I'm getting the drivers from here 
Drivers: Win7 64bit only! http://my.okidata.com/pp-MC561MFP.nsf/openingdrivermenu?OpenFrameSet
Win8                http://my.okidata.com/pp-MC561MFP.nsf/openingdrivermenu?OpenFrameSet


Does anyone have an idea? I tried calling there Tech support but they told me it was a windows problem and to call them...


----------



## voyagerfan99

Did you try right clicking on the Windows 8 installer and running it as Administrator? Give that a try.


----------



## CharmPeddler

Just tried the RC + Run as Admin. Still the same thing. I called OKI tech support again and this guy gave me a little more info.
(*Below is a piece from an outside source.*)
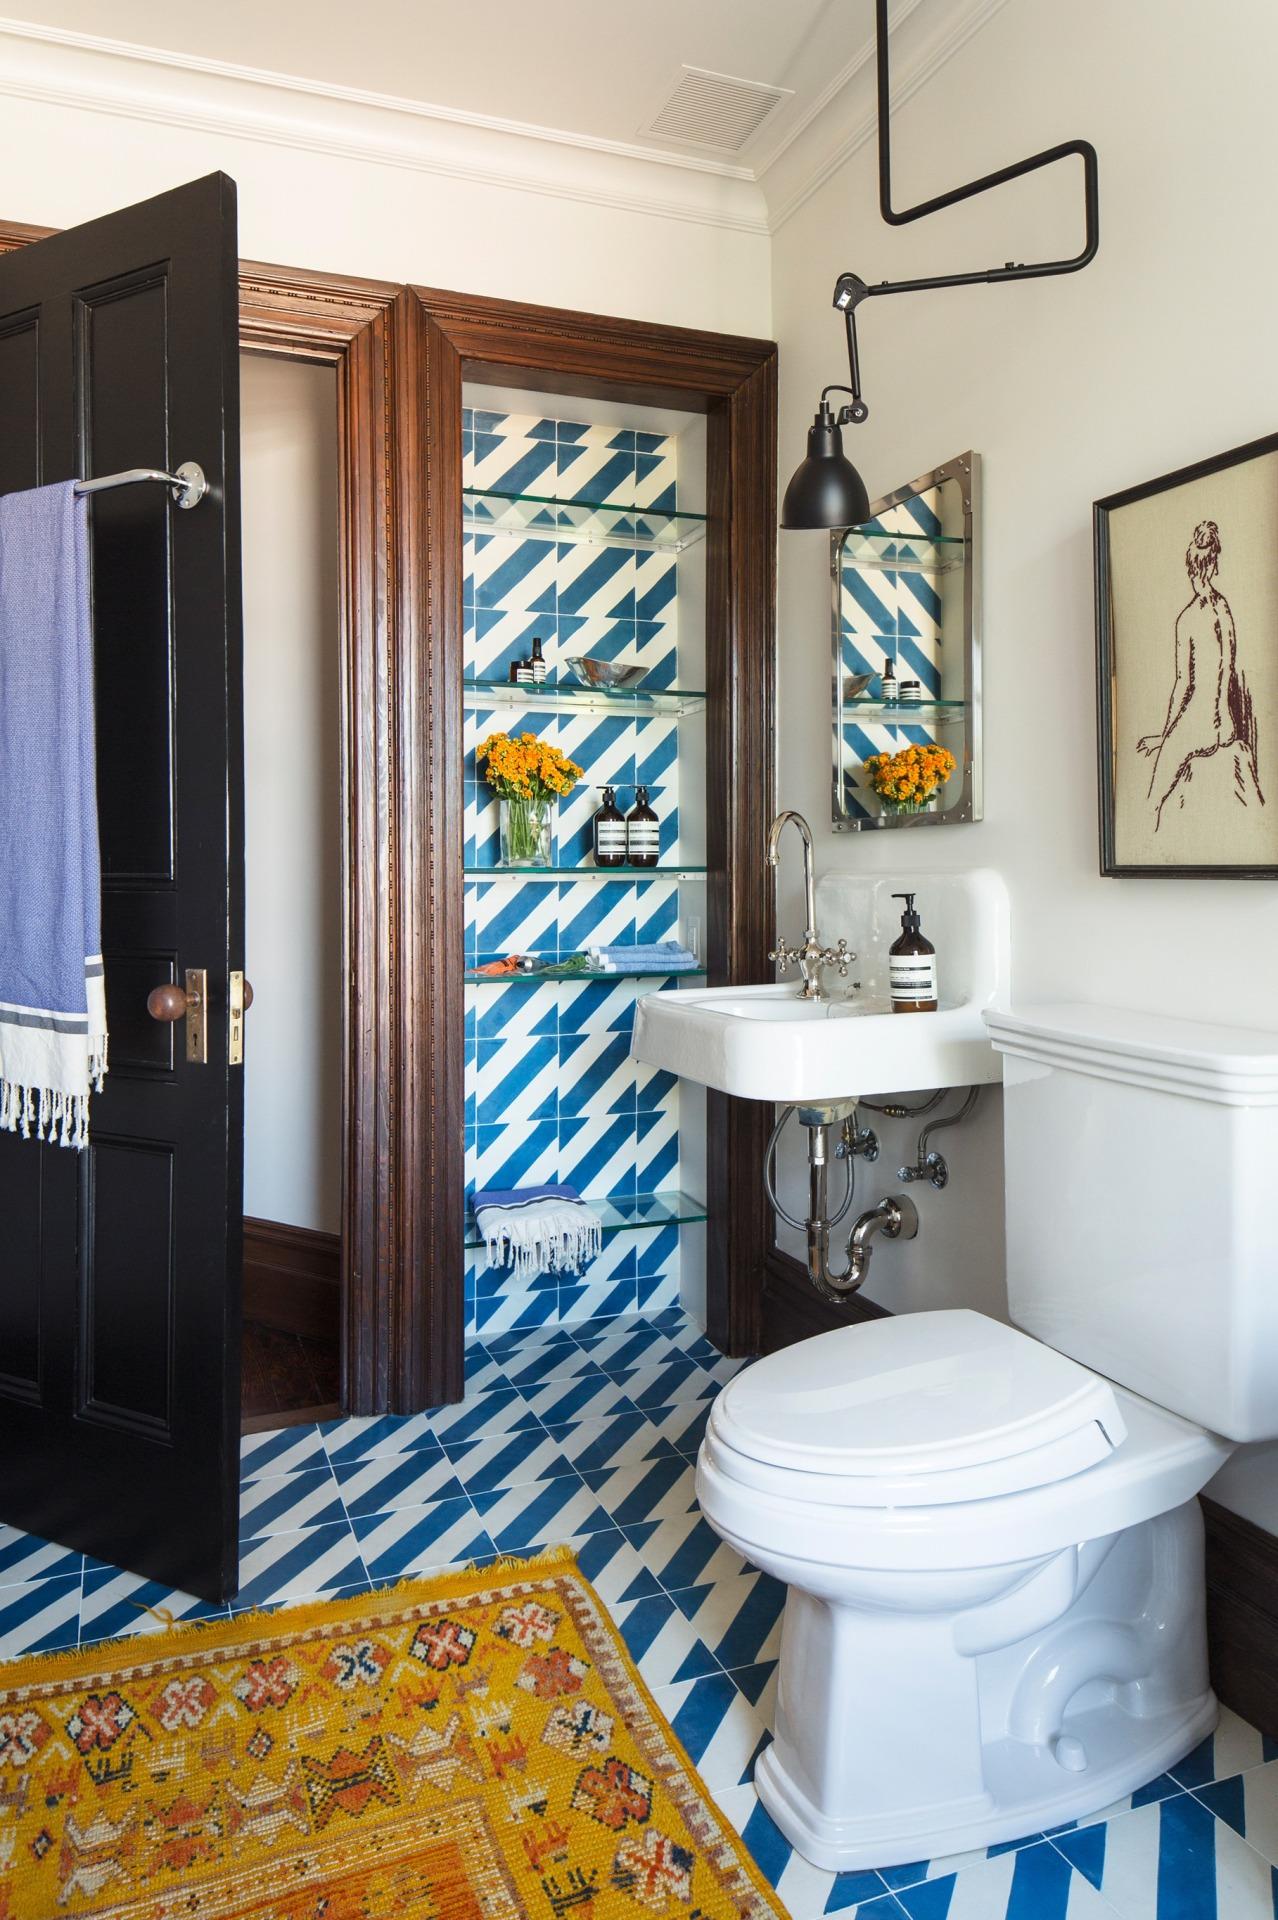 The Nordroom - 25 Inspiring Bathrooms With Geometric Tiles  image: Elizabeth Roberts

He said it is a "Permission" error. does that help you any?


----------



## johnb35

Look to see if you have this file on your system.

ntprint.inf

should be located here.

C:\Windows\inf


----------



## CharmPeddler

Sorry i forgot to mention that i found that and tried copying from one computer to this one but that did not do it.

i DID get it to work finally through the "add printer" function in the "Printer / devices" page... not sure why it didnt work before. thanks for your input and help!


----------



## voyagerfan99

CharmPeddler said:


> Sorry i forgot to mention that i found that and tried copying from one computer to this one but that did not do it.
> 
> i DID get it to work finally through the "add printer" function in the "Printer / devices" page... not sure why it didnt work before. thanks for your input and help!



When installing network printers I personally prefer to do it manually. I don't bother with the installers.


----------